Confused about Fig 3a in OTO v1 paper

Question

Confused about Fig 3a in OTO v1 paper

Closed this issue 4 months ago · 3 comments

Hello,

From the definition of $\mathcal{S}(\mathbf{x})$, and assuming $\epsilon = 0 ,\ \mathcal{I}^{0}= \{ 1 \}$, the half space should be the whole region on the right. The projection should be straight onto $[x]_1=0$ or $[x]_2=0$

What am i missing?

Answer 1 · 2024-01-17T16:05:14.000Z

@iamanigeeit

Thanks for reaching out. HSPG is a sparse optimizer to yield group sparsity. In the figure, we consider the union of $[x]_1$ and $[x]_2$ as a single variable group. Therefore, they need to be project onto zero at the same time. The Half-Space is then formed which boundary is orthogonal to the projection direction $-[x]$.

You might consider the case to produce unstructured sparsity. For this case, please look into our OBProxSG paper. In fact, the Half-Space projector under $\epsilon=0$ is equivalent to the orthant projector in OBProxSG if employing onto singleton groups.

Answer 2 · 2024-02-21T17:53:32.000Z

@tianyic Thanks for the reply!

My understanding of the algorithm is this:

Do subgradient descent update. Call the new point $\boldsymbol{x'_{k+1}}$
Zero out the param groups that were previously zeroed. Call the new point $\boldsymbol{\tilde{x}_{k+1}}$.
Now, we need to figure out which new param groups to zero.
We try to set each group of variables to zero. Let $\boldsymbol{[\tilde{x}_{k+1}]_g}$ be the trial point where param group $g$ is zeroed out .
If $\boldsymbol{[\tilde{x}_{k+1}]_g \cdot [x_k]_g} < 0$, the trial point is on the opposite side of the origin from the previous point $\boldsymbol{x_k}$. Then we can let the params in group $g$ to 0 because setting to 0 updates in the correct direction.
If $\boldsymbol{[\tilde{x}_{k+1}]_g \cdot [x_k]_g} < \epsilon\ \boldsymbol{[x_k]_g \cdot [x_k]_g} $ and $\epsilon < 1$, the trial point is on the same side as $[x_k]_g$ but is still closer to the origin. As we increase $\epsilon$ from 0 to 1, we increase the range of points where we can set params in $g$ to 0.

If this understanding is correct then i know why i was confused. Maybe this could help other people with similar problems.

I interpreted $\mathcal{G} = \{\{1,2\}\}$ as $g=\{1\}$ and $g=\{2\}$ when it should be $g=\{1,2\}$.
I thought $\mathcal{S}_k$ indicates the region where $\boldsymbol{x_{k+1}}$ would be set to zero. Now i realize it is the important region, i.e. we retain $\boldsymbol{x_{k+1}}$ if it's inside $\mathcal{S}_k$.

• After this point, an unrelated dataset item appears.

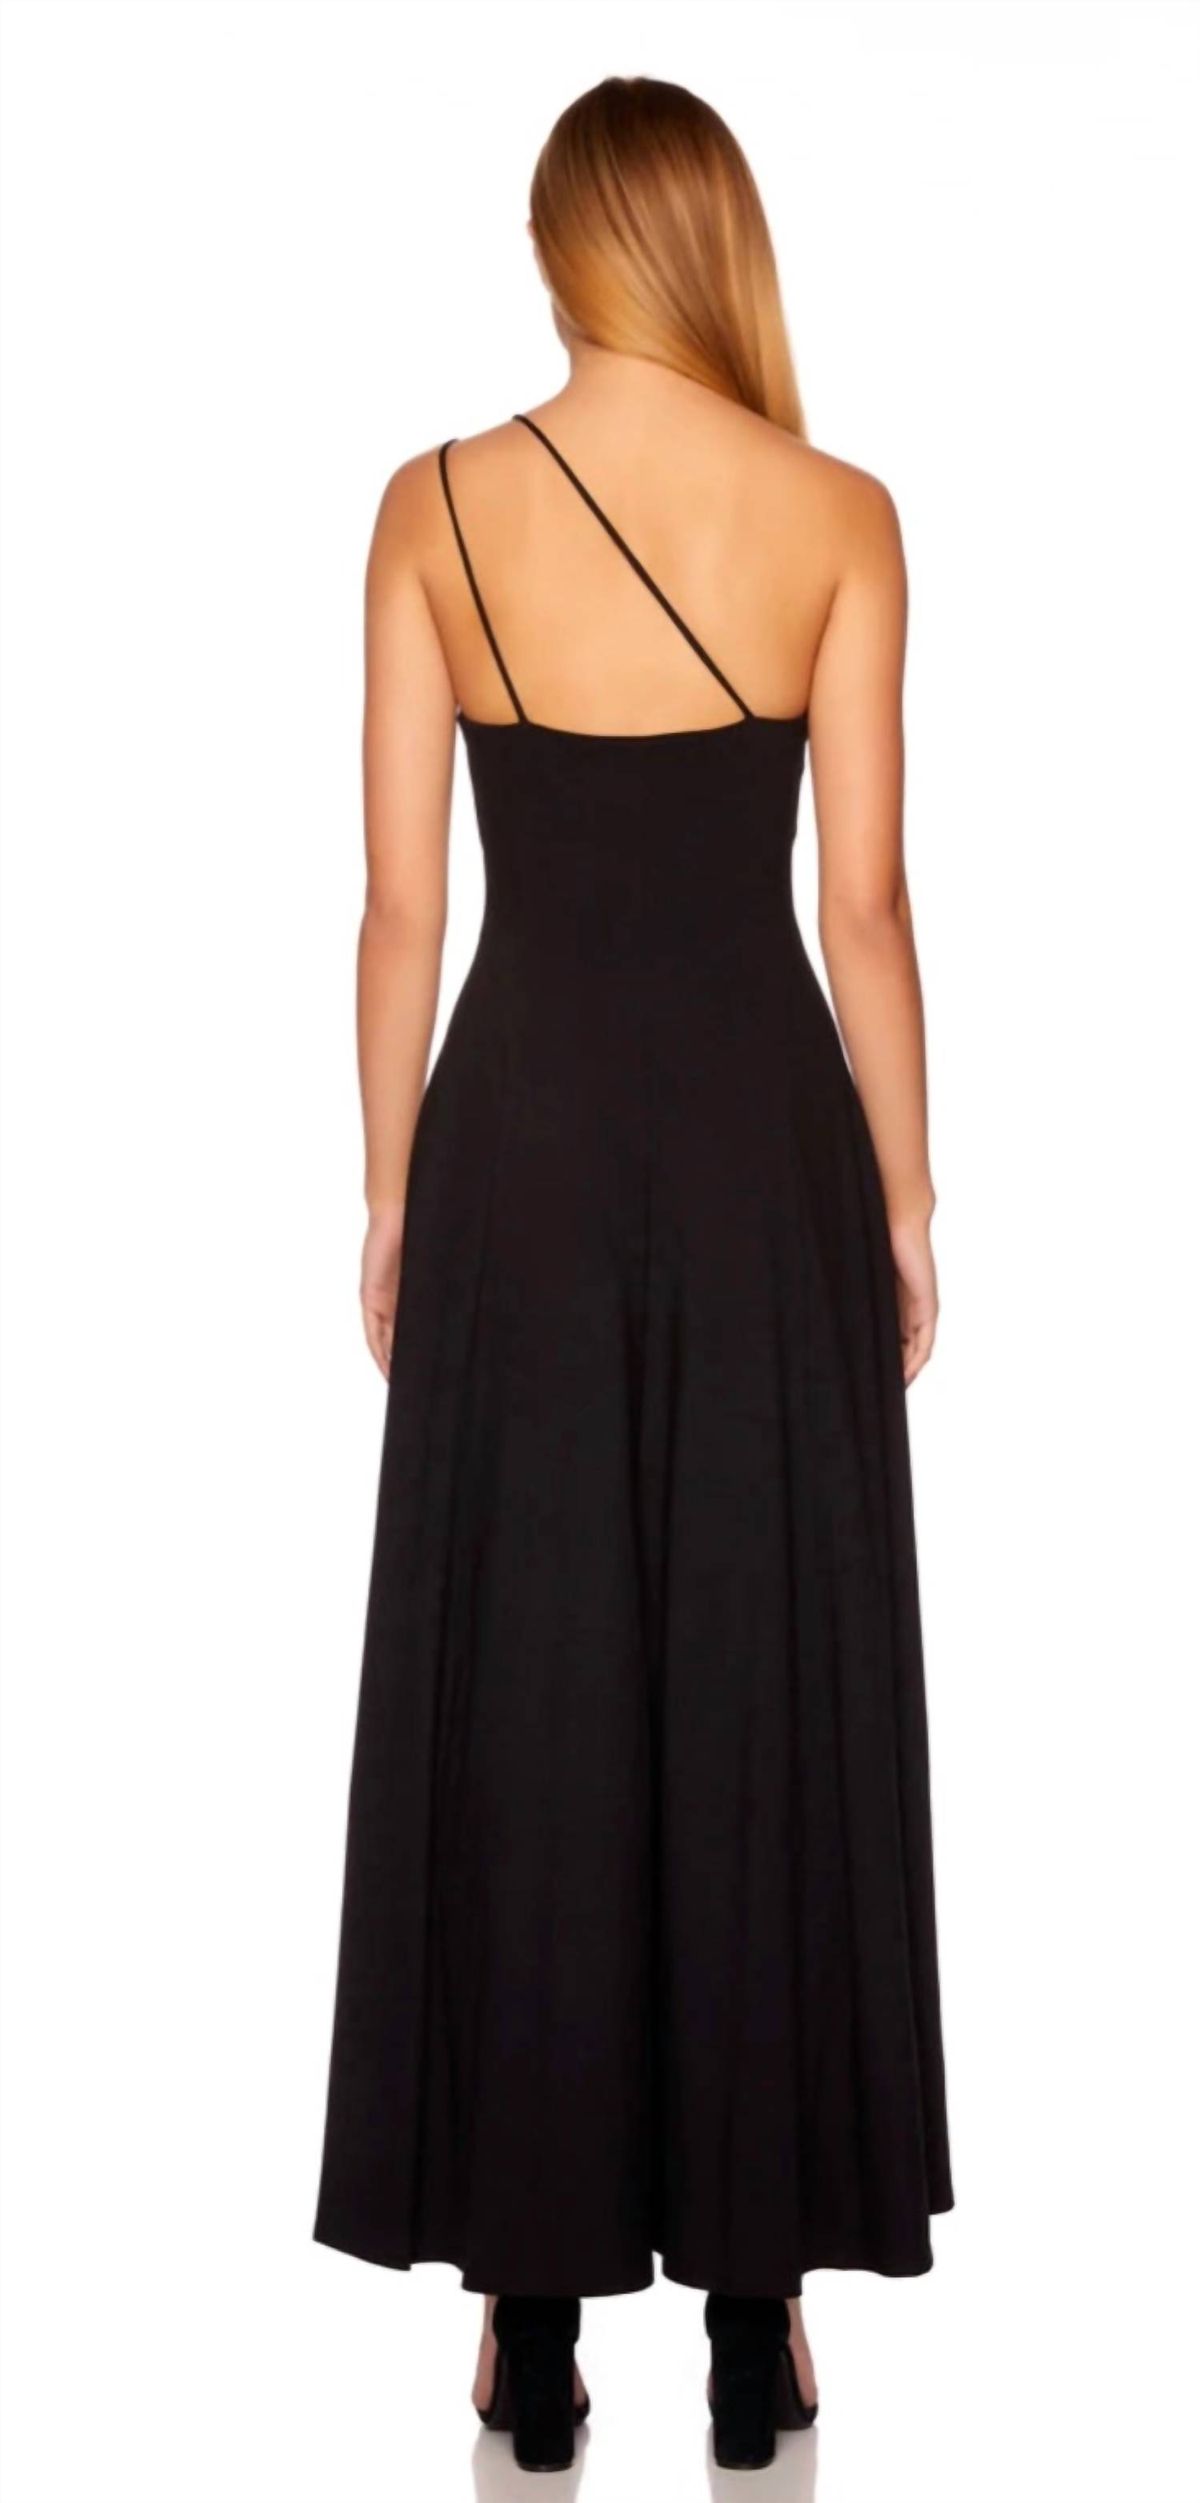 Style 1-2006195721-3855 Susana Monaco Size XS One Shoulder Black A-line Dress on Queenly

But i still have questions:

In Figure 3b, it seems like the $\epsilon=0$ line should pass through $\mathcal{O}$ and $\epsilon=1$ should pass through $\boldsymbol{x_k}$?
According to Algorithm 2 param groups that are zeroed can never be activated again, is that correct?
All the below look like the same thing. Should they be written as $\boldsymbol{x'_{k+1}}$?

Just before Fig 3a:

Fig 3a:

Algorithm 2:

Answer 3 · 2024-02-22T16:57:30.000Z

@iamanigeeit

Happy to hear you figure the previous confusion out. Your understanding is largely correct.

Regarding your remaining question.

Yes, $\epsilon$ is a hyper-parameter that we could control the region Half-Space. The feasible region is $[0,1)$. Equaling to $0$ pass through origin, making it approaching $1$ would pass through $x_k$.
Yes, in the HSPG, DHSPG schema, the identified redundant groups are kept redundant (being zero). In AdaHSPG+, the theoretical paper, we discuss how to make it adaptively zero in/out to achieve a better redundancy identification.
Your suggestion makes sense. But I think it is better to make line 10 as $[x_{k+1}]_{\mathcal{I}^{\neq 0}}$ for clarity.

Since we typically notate the final next iterate as $x_{k+1}$, other notations such as $x_{k+1}'$ or $\hat{x}_{k+1}$ refer to trial iterate that needs further adjustment to get the final next iterate.